Do you feel feverish and the thermometer confirms a value over 37.5 degrees, the training clothes also remain in the closet. “The fever is a systemic inflammatory value, the whole body tries to destroy the germs by regulating its own temperature, so it can use no further load,” said the expert. Body aches may also indicate that you may or may not have a fever. Still, you are not well, rest!
If you find yourself on the road to recovery, the suppositories test will show you if you’re fit enough for some action. To do that, stand in front of a mirror and say aloud AAAAHHHHHH. “If the suppository is longer or larger than usual, vessels are visible and if the throat is red and swollen, pausing is still required,” recommends Graumann. And do not let yourself go crazy. Whoever listens to his body feeling, what works and what does not, is seldom wrong, according to the sports physician.

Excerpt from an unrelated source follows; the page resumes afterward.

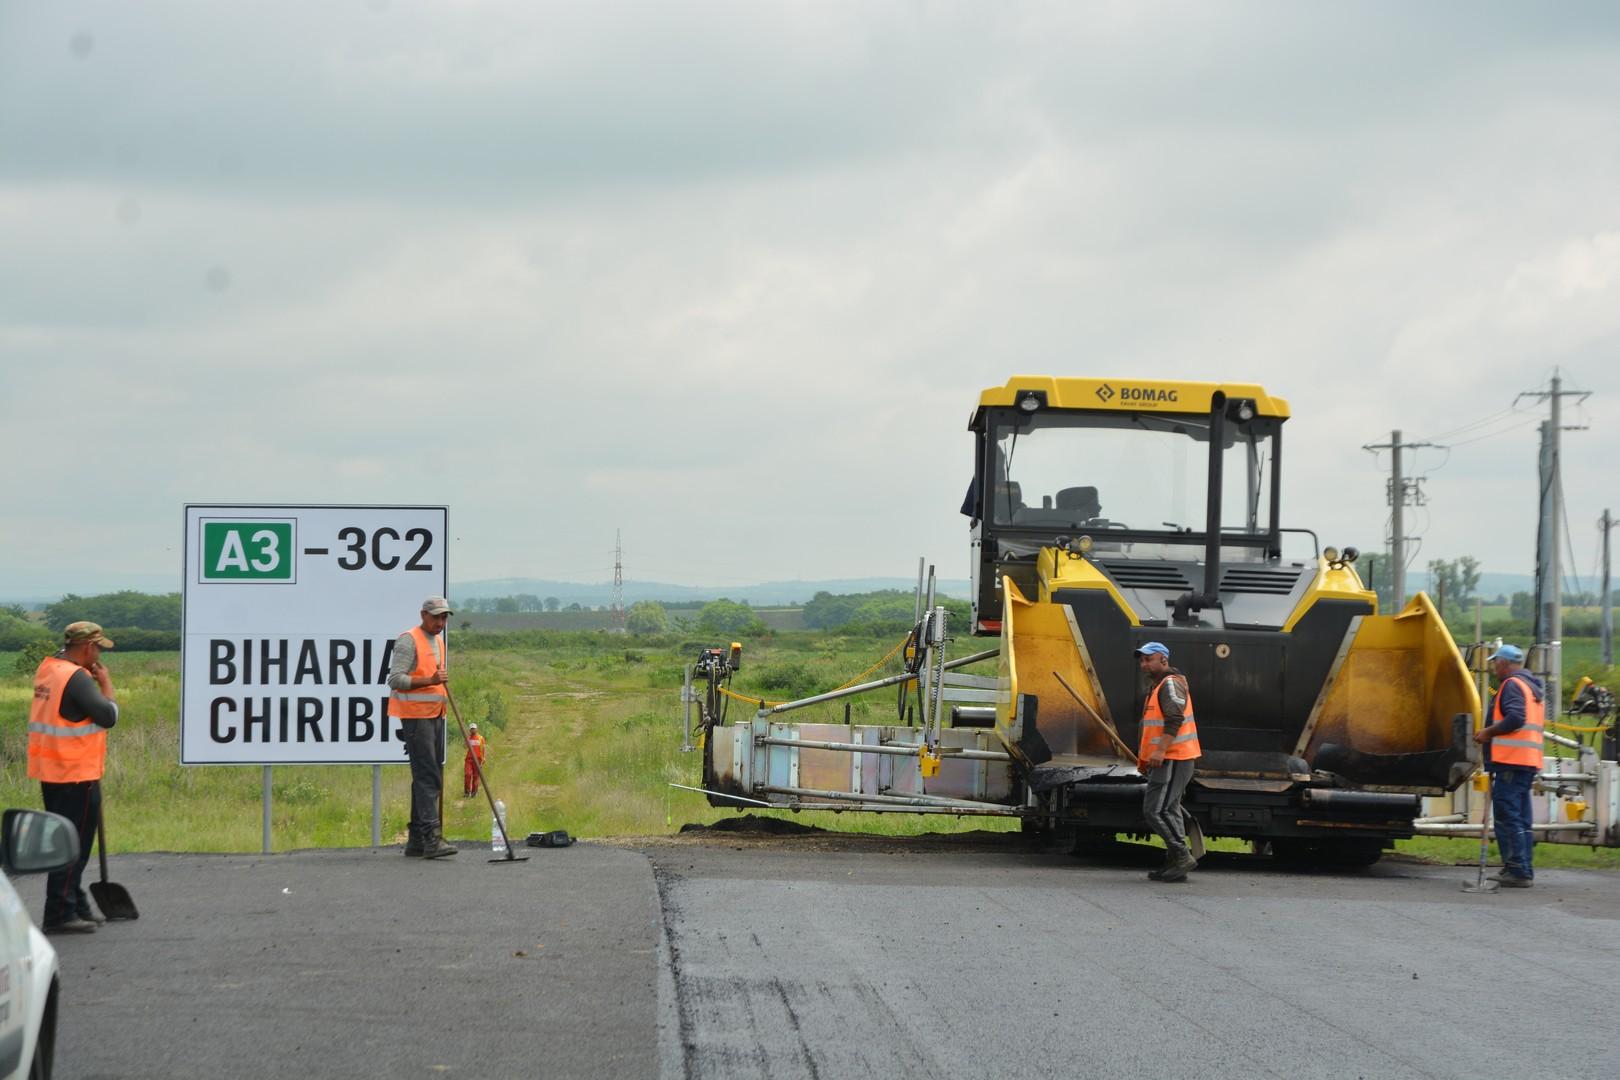 FOTO: Semnare contract autostradă Biharia - Chiribiș 12.06.2020

As soon as the throat reddens, the lymph nodes swell up and / or the ear pain becomes noticeable, you stop your training, the organism is already in alarm. If there is an increase in temperature or even fever, the body can not tell you more clearly that it needs a break. Please do not come up with the idea to take medication to get started. “Throwing painkillers is like sticking a red lamp in the car with a tape instead of going to the workshop,” says Graumann. “If the body tells me he has discomfort, then there is a reason.”
So relax for 3 to 4 days, take vitamin C and zinc and drink a lot. Incidentally, Graumann’s insider tip is to drink plenty of Caipirinha, even without alcohol. It is crucial that the hydration feeds the skin, activates the detoxification function via the kidneys and the heat positively influences the viscosity of the mucus. “The secondary phytochemicals and essential oils of lime – most of it in the shell, therefore best to take organic limes and pound beautifully with a pestle – have anti-inflammatory and expectorant, also promote blood circulation.”
“If you want, sweeten with honey, which also contains anti-inflammatory substances,” advises the sports physician. For the sake of completeness, cane sugar is not delivered. How long your Caipi break will take depends on the individual and depends on the degree of the illness. In general, you should feel subjectively much better and your neck the suppository check (see above) exist. Then you start training again with a light stint and climb in small steps.
For mild colds and a little cough moderate stress is quite permitted. But as soon as the symptoms increase and even a fever occurs, a sports break is announced. It lasts until you feel better again. Until then it says: wait and drink caipirinha!